US Treasury Speculations & Treasury Bonds

by Wes Bridel on September 24, 2010

in Stewardship

The US Treasury issues Treasury Bonds, but if the value of the Dollar drops because of all this borrowing (and printing by the Fed), your Dollar could be worth much less soon.  We’ve been discussing asset management in a crazy economy.  We last looked at International Investing as well as Blue Chip Investing.  We believe this trend will be one of the most important in the coming decade.  If so, Treasury Bonds (and other bonds) will drastically lose value. 

The US Treasury & Fed (along with Congress & the White House) could be doing irreparable harm to your financial well being.  But there are ways to protect yourself.

If you believe that higher inflation is on the horizon, there is a way to protect your assets and even profit directly from this understanding.  We believe a massive devaluation of the US Dollar is coming (we’re just not sure when it will begin) and therefore is the most important economic trend for you to be on the correct side of if it does indeed happen.  We’ve mentioned the fact that gold and silver do extremely well at protecting value in times of inflation.  Gold and silver should always be your first and second choice when protecting your assets from inflation!  Commodities and other “hard/real assets” do as well.

We’re going to cover two different way to use Treasuries to either somewhat protect yourself from this danger of inflation and rising interest rates or to go a step beyond and profit from a speculation of this event.

Let’s first explain what Treasuries are and how they work…

Treasury Bonds, Notes, & Bills are the instruments that the US Government uses to borrow money through the US Treasury.  The US Treasury has an auction at which they receive money from investors/lenders who then receive a promise of future dividend payments and a return of premium at some point in the future.  The demand (competition) from investors/lenders at the auction, will determine how high or low the interest rate on these bills/notes/bonds is.

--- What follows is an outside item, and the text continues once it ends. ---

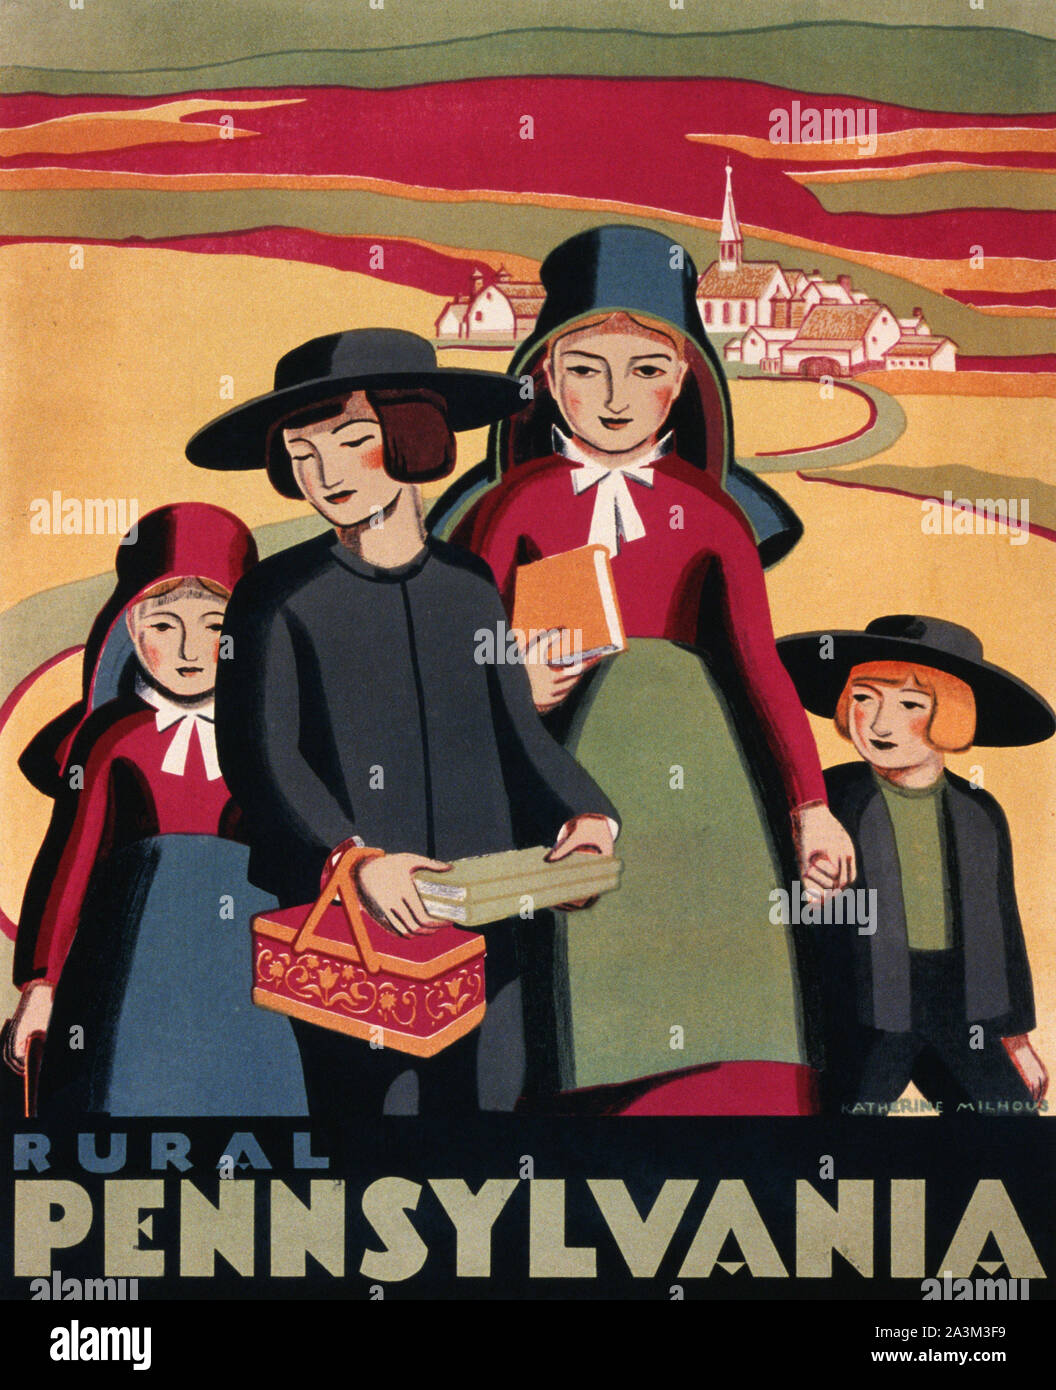 Rural de Pensilvania - Avance de trabajo Administración - Proyecto de arte Federal - Póster Vintage 1938 Foto de stock
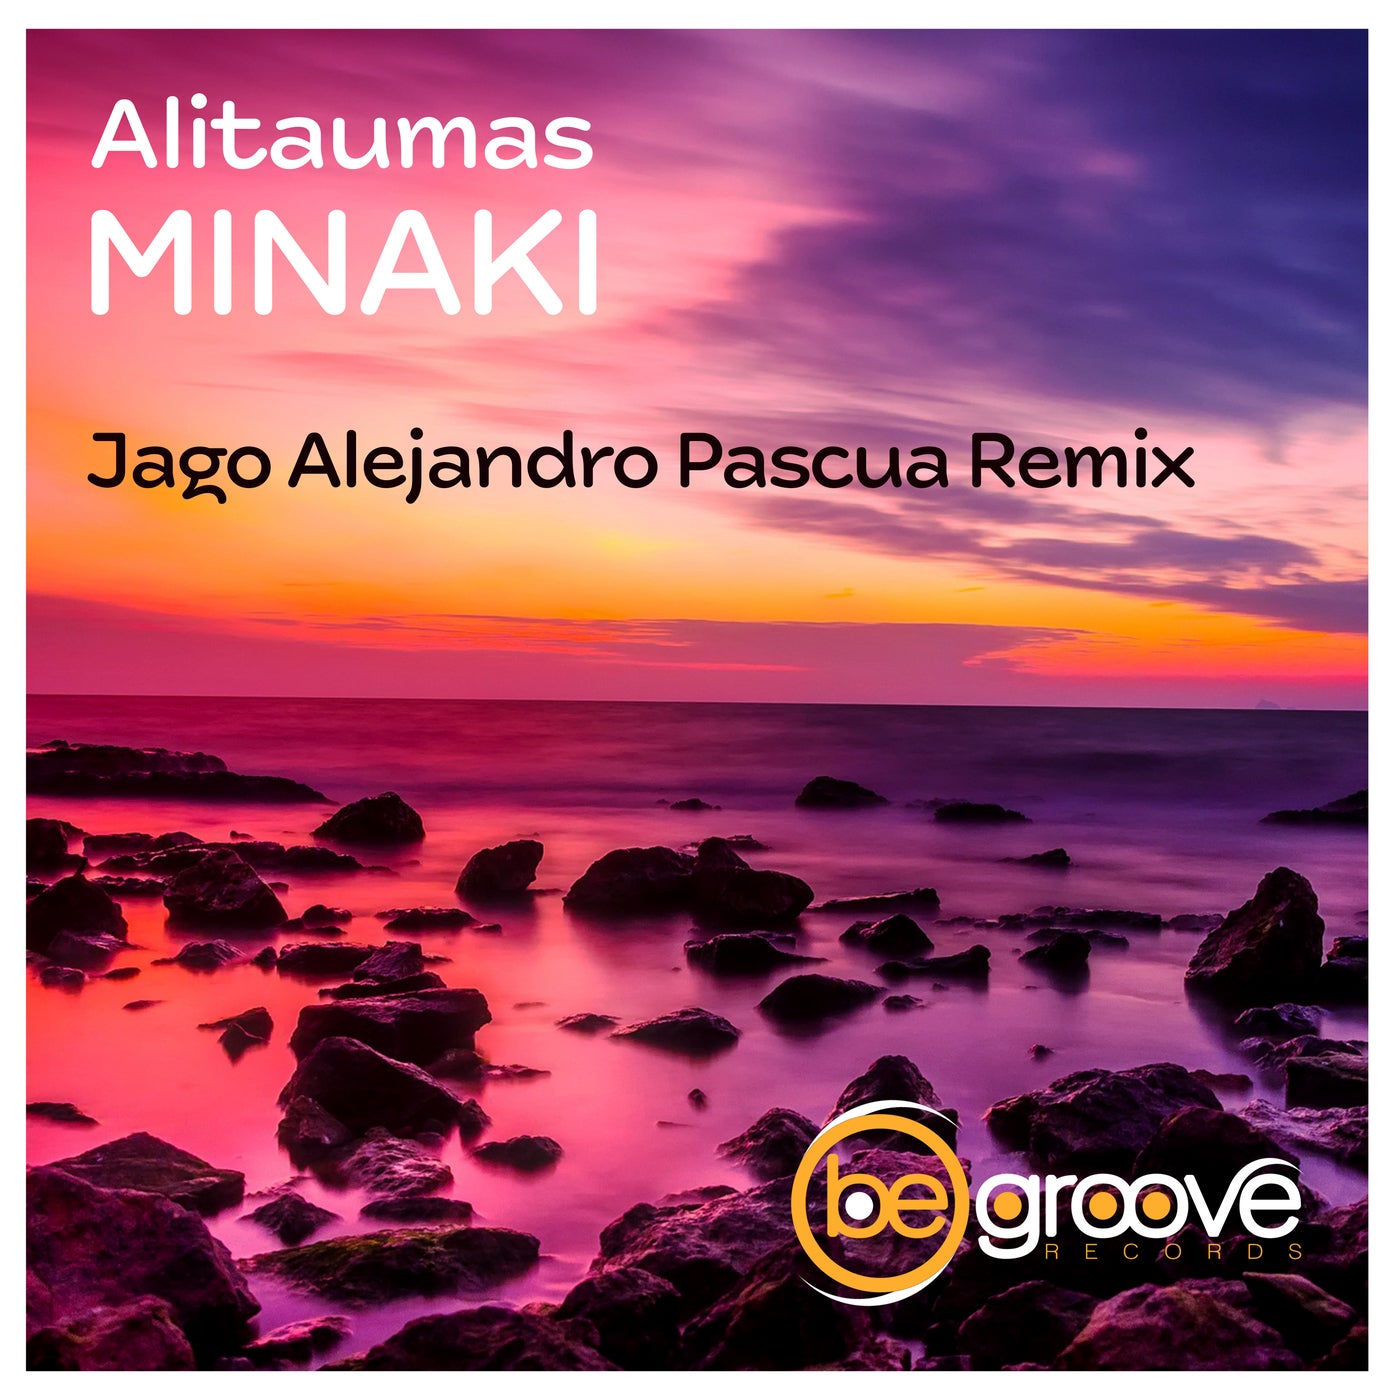 Minaki (Jago Alejandro Pascua Remix)

A Treasury Bill is for a duration of 1 year or less.

A Treasury Note is for a duration between 1 and 10 years.

A Treasury Bond is for a duration between 10 and 30 years.

For many decades (perhaps not including the 1970’s) the United States Dollar has been considered the safest currency in the world and has thus enjoyed the lowest rate of interest demanded to borrow money.  But this rate is established at an auction.  Recently, the auctions have been quite busy because the US Government is borrowing unprecedented amounts of money.  We won’t spend much time here the many reasons why lenders could demand a higher rate of interest from the US Government.

We will state the greatest reason why staunch deflationists believe that the incredible printing and borrowing of money won’t result in inflation.  They believe that the economy will crash to such a degree that people will be fearful and look to put their money where they feel is safe, which for everyone’s life has been the US Dollar.

Still, we don’t believe that just because many other major currencies are bad, people will continue lending money at very low rates of interest to the country which has the largest debt in the history of the world and no real or imagined plan to ever pay it back.  (Even the Congressional Budget Office’s numbers which looking back historically have tended to be wild eyed optimistic, say that our debt will continue to grow massively over the coming decade.  When you look through their assumptions, the huge growth in government income assumed in a time of terrible economic activity makes it clear that the reality will be far bigger debts and deficits…..and interest rates.

As interest rates go up, the value of bonds outstanding goes down.  Let’s look at an example.  Imagine I own a bond that pays 4% interest and the going rate increases to 5%.  If you wanted to buy a Treasury bond, and I wanted to sell mine, would you buy mine paying 4% or would you buy the newly issued one paying 5%?  Of course, you would buy the 5% bond unless I accepted less than the face value (principle) of the bond.  Therefore, if I had bought my bond with $100,000 and received one interest payment, to only then sell the bond to you at $90,000 because of the change in interest rates in the market, I would have lost money on a guaranteed bond.